The later Books of Chronicles identify Shebuel as a "son" of Gershom, though this is anachronistic for a literal interpretation of the Bible because Shebuel is described as living in the time of King David. The Hebrew word for "son" can also mean descendant; for example even remote descendants of King David are in many instances identified as "So-and-so son of David" in the original Hebrew.
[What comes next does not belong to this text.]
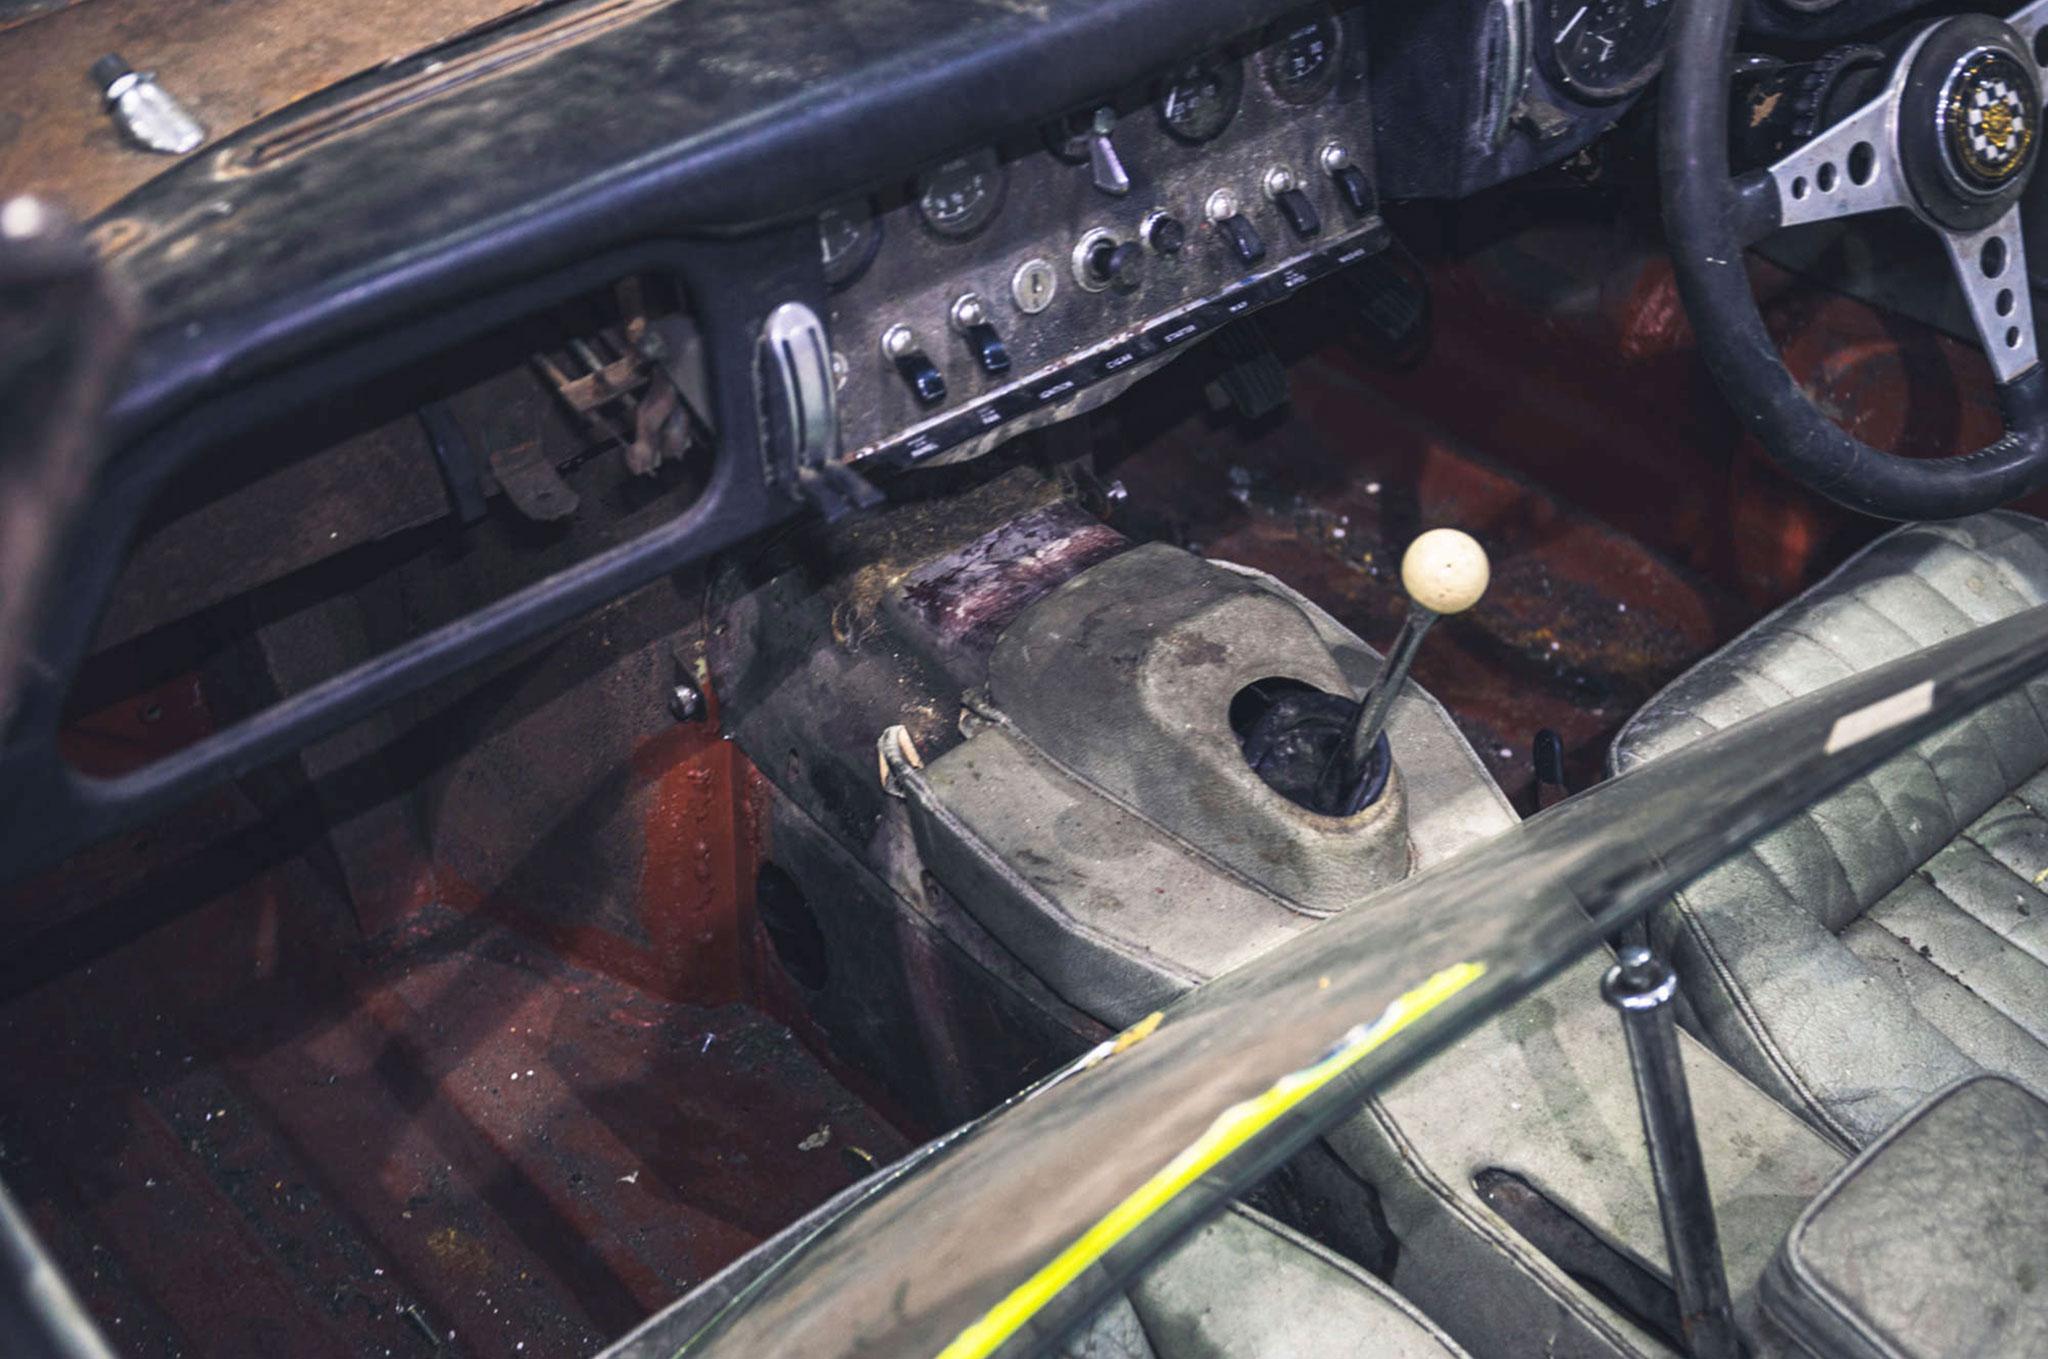 1964 Jaguar E-Type 2805 miles détail de l'intérieur à reprendre
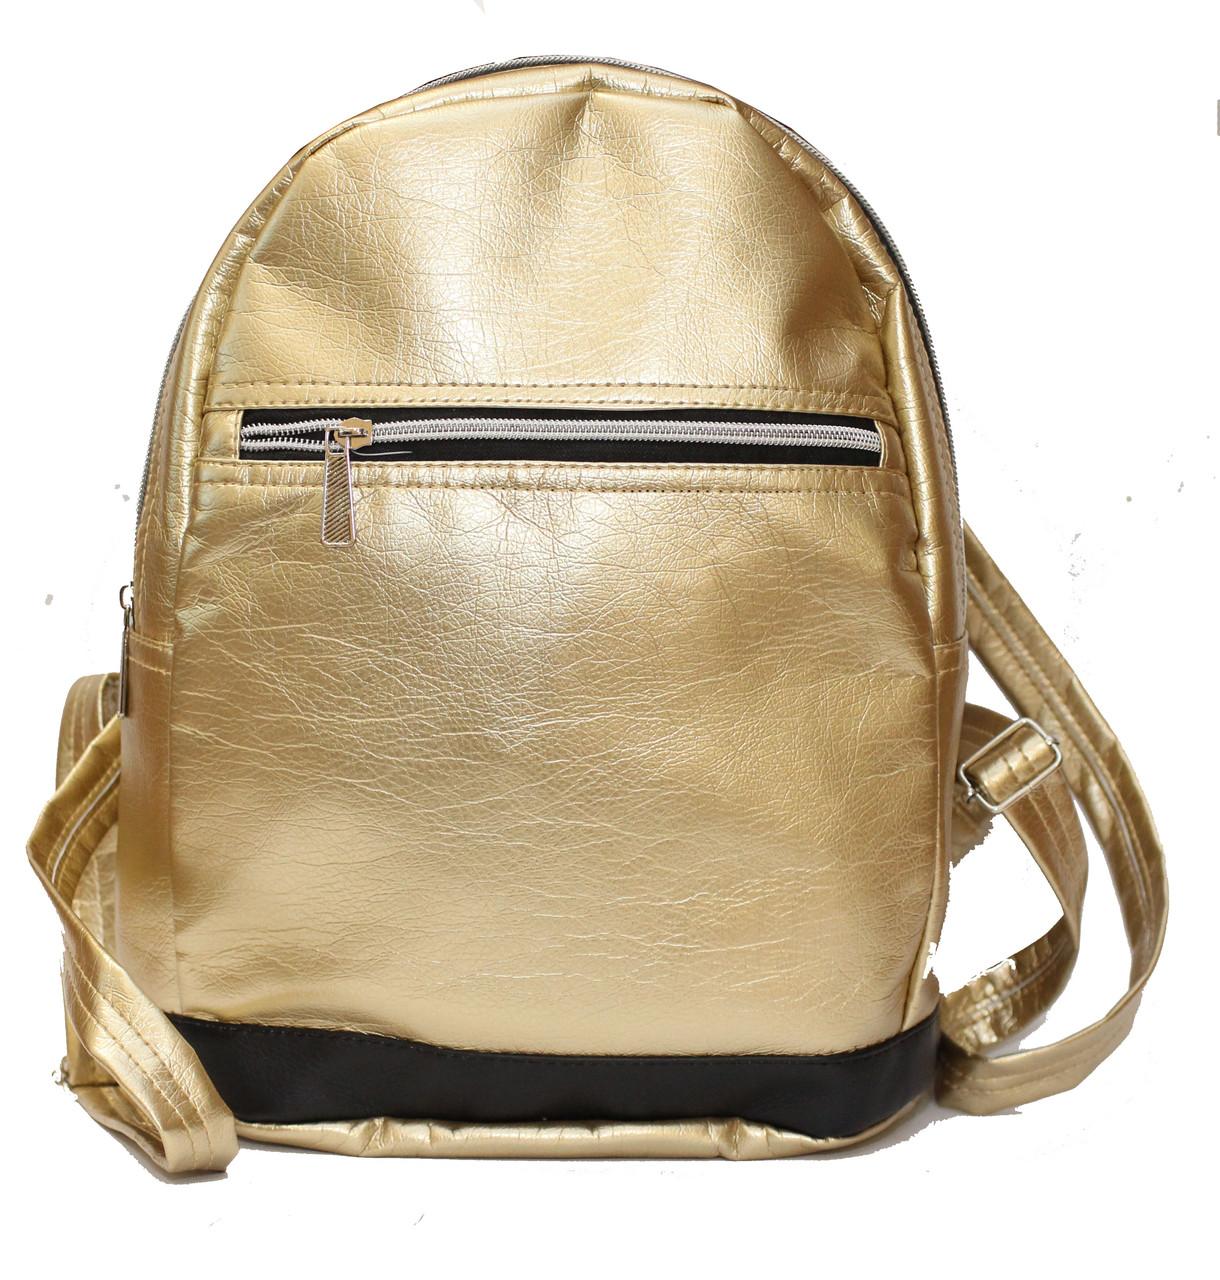 Женский городской рюкзак золотистого цвета.(10881)

== Priestly connections ==

Although certain passages of the Bible, which textual scholars ascribe to the Priestly Source, assert that it is only the descendants of Aaron known as Aaronim who were legitimate priests, biblical scholars believe that the priesthood was originally open to members of any tribe, and that the restriction to Aaronim was purely an Aaronim invention, opposed by authors such as the Deuteronomist. Aaronim claimed descent from Aaron – Moses' brother, and hence any immediate descendant of Moses would not count among the Aaronim.

The possibility that the story of Micah's Idol refers to immediate descendants of Moses being priests is taken by biblical scholars as a demonstration that the Aaronim-only restriction was originally not present in the Israelite priesthood. One of the accounts of Micah's idol refers to a priest as being a sojourner there, which could alternatively be taken as stating that the priest was indeed Gershom. The accounts of Micah's idol also include reference to a Jonathan son of Gershom as being a priest, and although the Masoretic Text seems to avoid the implication that non-Aaronim could be priests by describing this particular Gershom as a son of Manasseh, this appears to have been distorted; the letter nun appears here in superscript, suggesting that the text originally described this Gershom as the one that was a son of Moses. The rabbinic text known as the Seder Olam has Jonathan, the son of Gershom, the son of Moses when it quotes this verse.

The priestly/prophetic aspect remains open to discussion, God explicitly chose Aaron and his direct sons for the Tabernacle and Temple services in remembrance of Aaron's servitude to Moses all along. Aaron served his brother Moses with much devotion being metaphorically called "his prophet" from the very beginning.
The King and the Priest/Prophet are the two head leaders in ancient hierarchy; from this viewpoint, the belief of priesthood being open to anyone appears unsupported. The Bible recounts very strict lineage rules for the priests, aka "the descendants of Aaron", but certain deviations from the concept are mentioned – for instance, prophets such as Samuel or Elijah performed priestly-like services in special cases. As mentioned above, it is probable that Gershom's lineage would have compelled him into the priesthood, yet it appears he performed no regular priestly services of note. In other related writings it is mentioned that God ordered Moses to pass authority unto Joshua instead of his own two stubborn sons, Gershom and Eliezer.